Tom Clyde: We’re not in Mayberry anymore
There was a candidate debate at Rotary lunch this week. The candidates for County Attorney and those for Sheriff tried to explain why they should earn our votes. We are fortunate to have qualified people running. That’s not always the case, but in both of these races, we have people who are up to the task. So I had hoped that the presentation would shed a little light on things. It mostly didn’t.
The Sheriff’s race is an open seat because the incumbent, Dave Edmunds, has decided not to run again. Justin Martinez, currently second in command at the department is running against Kris Hendricksen, who has worked in other police agencies and teaches at the police academy. Between them, they are the tallest and shortest people on the ballot.
That discussion quickly veered into deep space, and focused on the color of the Sheriff’s department vehicles. It wasn’t all that long ago that the Sheriff’s Department drove around in white Ford pickups. I bought one of them from a surplus auction years ago. It’s got a huge and very thirsty engine, spotlight, and multiple holes drilled into the dash and roof for the assorted police equipment.
Somewhere along the line, the department switched to black SUVs with blacked out windows and the Sheriff logo applied in a matte black finish.
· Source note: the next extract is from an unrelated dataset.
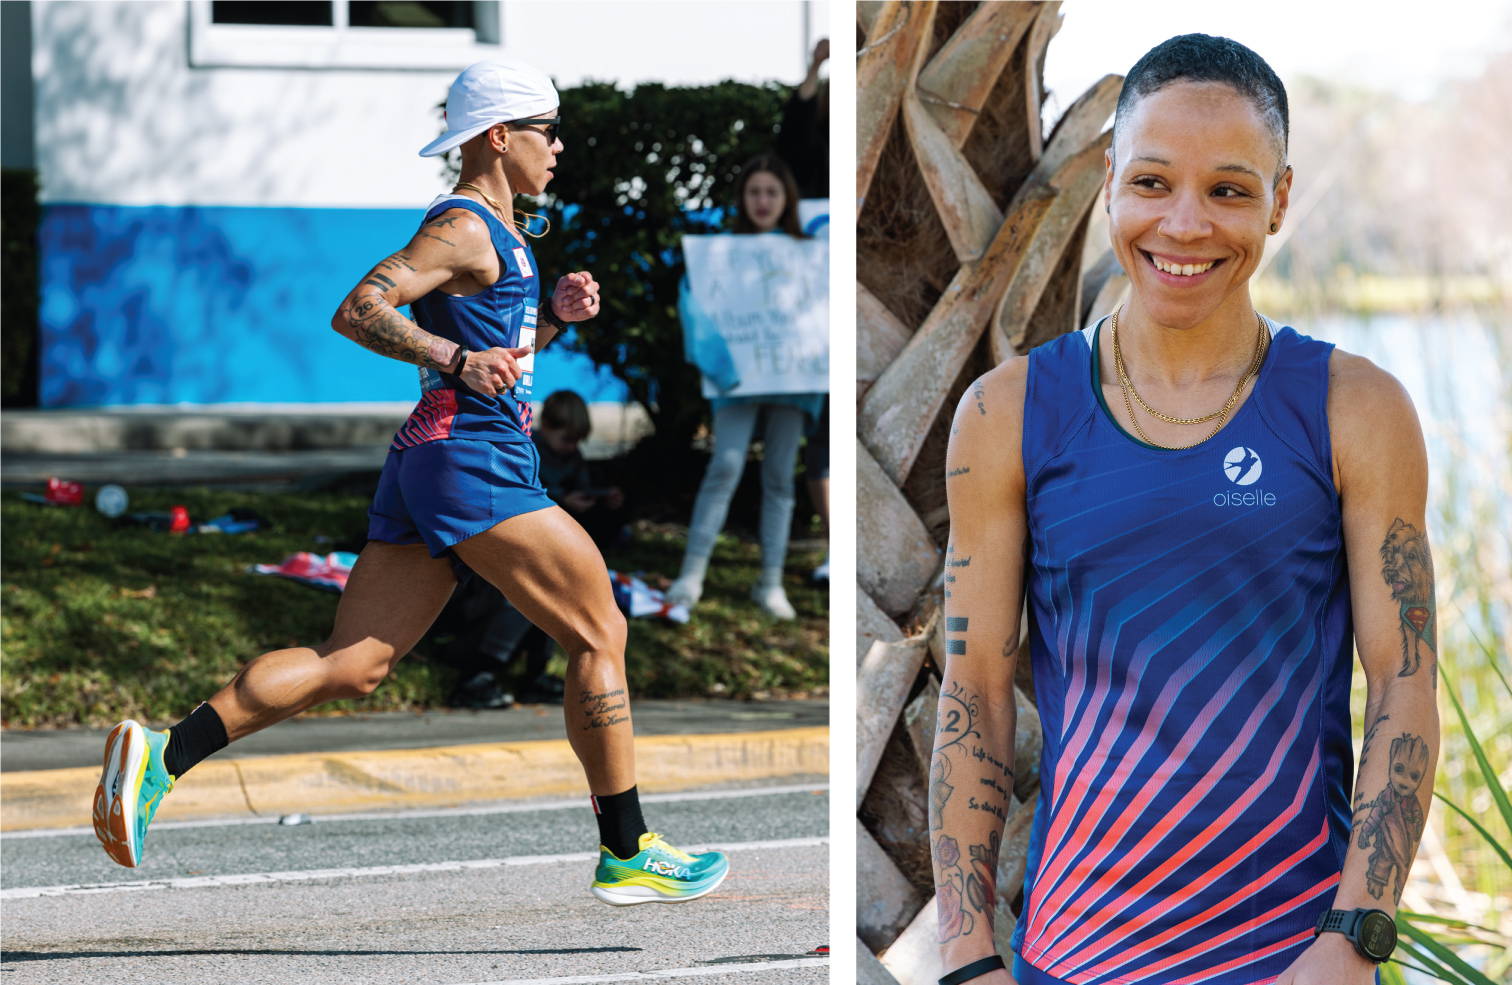 Left: Ari Hendrix-Roach racing during the Olympic Marathon Trials. Right: Portrait of Ari in her Oiselle uniform

The lights are either inside the vehicle, or if there is an external light bar, it is smaller than a ski rack. While the SUV seems a more practical choice than the pickup for transporting somebody to the graybar hotel, the rapper-style paint job seemed a little over the top to a lot of people.
The impression was that we were sending out the SWAT team to respond to every case of aggravated brake light malfunction. My only complaint is that I think traffic enforcement is a lot more effective when the cop on the road is very visible and unmistakable. Seeing a good old-fashioned black and white police car with a big red light bar on the roof tends to slow everybody down for miles in each direction. A well-camouflaged car hidden behind a tree is probably more effective at catching and ticketing one speeder. So it kind of boils down to whether the goal is deterrence (safety) or enforcement (revenue).
A number of color schemes were tossed out in the conversation, from canary yellow to pink. Some members of the audience said the objection to black SUV was that they were always covered with road salt and looked dirty, making them harder to re-sell. It was a strange conversation. Nobody asked about the Sheriff’s navy — including a submarine — parked in a warehouse in Kamas, or what level of drug enforcement on I-80 is the County’s responsibility. The Sheriff does more than traffic enforcement.
The color scheme isn’t the issue. It became the symbol of a different kind of discussion that we don’t want to have around here. If Andy Griffith is a 1, and Clint Eastwood is a 10, where on that scale would these candidates place themselves? We all would prefer the Andy Griffith style of law enforcement, where Andy would sit down at the coffee shop with a troubled member of the community, and the miscreant’s behavior would be fully reformed over a nice slice of pie. And all is well in Mayberry.
Under the Clint Eastwood model, an improper lane change results in "up against the wall," cuffs and drug-sniffing dogs. And everybody is still scared as hell on the South Side of Chicago.
So while I think the majority of Summit County residents would much prefer to have Andy Griffith as Sheriff, that’s largely based on the quaint notion that we are living in Mayberry. Even out in the hinterlands where I live, where the most frequent law enforcement issue is escaped livestock running amok, the world is a lot more complicated than Mayberry. I suspect that even Mayberry was more complicated than Mayberry.
Snyderville has become a mid-sized city by Utah standards, and for reasons I can’t understand, the County seems determined to keep approving more sprawl. It remains to be seen what the Vail take-over does, but it’s safe to assume that visitor numbers won’t be shrinking. We’re a long way from Chicago, but we quit being Mayberry a long time ago.
Deciding on the model and color scheme for new Sheriff’s Department vehicles will be a difficult and delicate decision. For most of us, that’s the only contact we have with the department — the image they project when we see them on the road. There’s one thing we can all agree on. If we get pulled over, we expect the cop to be driving a tasteful, stylish, well-appointed, vehicle. Nobody in Summit County should have to bear the indignity of being ticketed by a cop driving an Impala.
Tom Clyde practiced law in Park City for many years. He lives on a working ranch in Woodland and has been writing this column since 1986.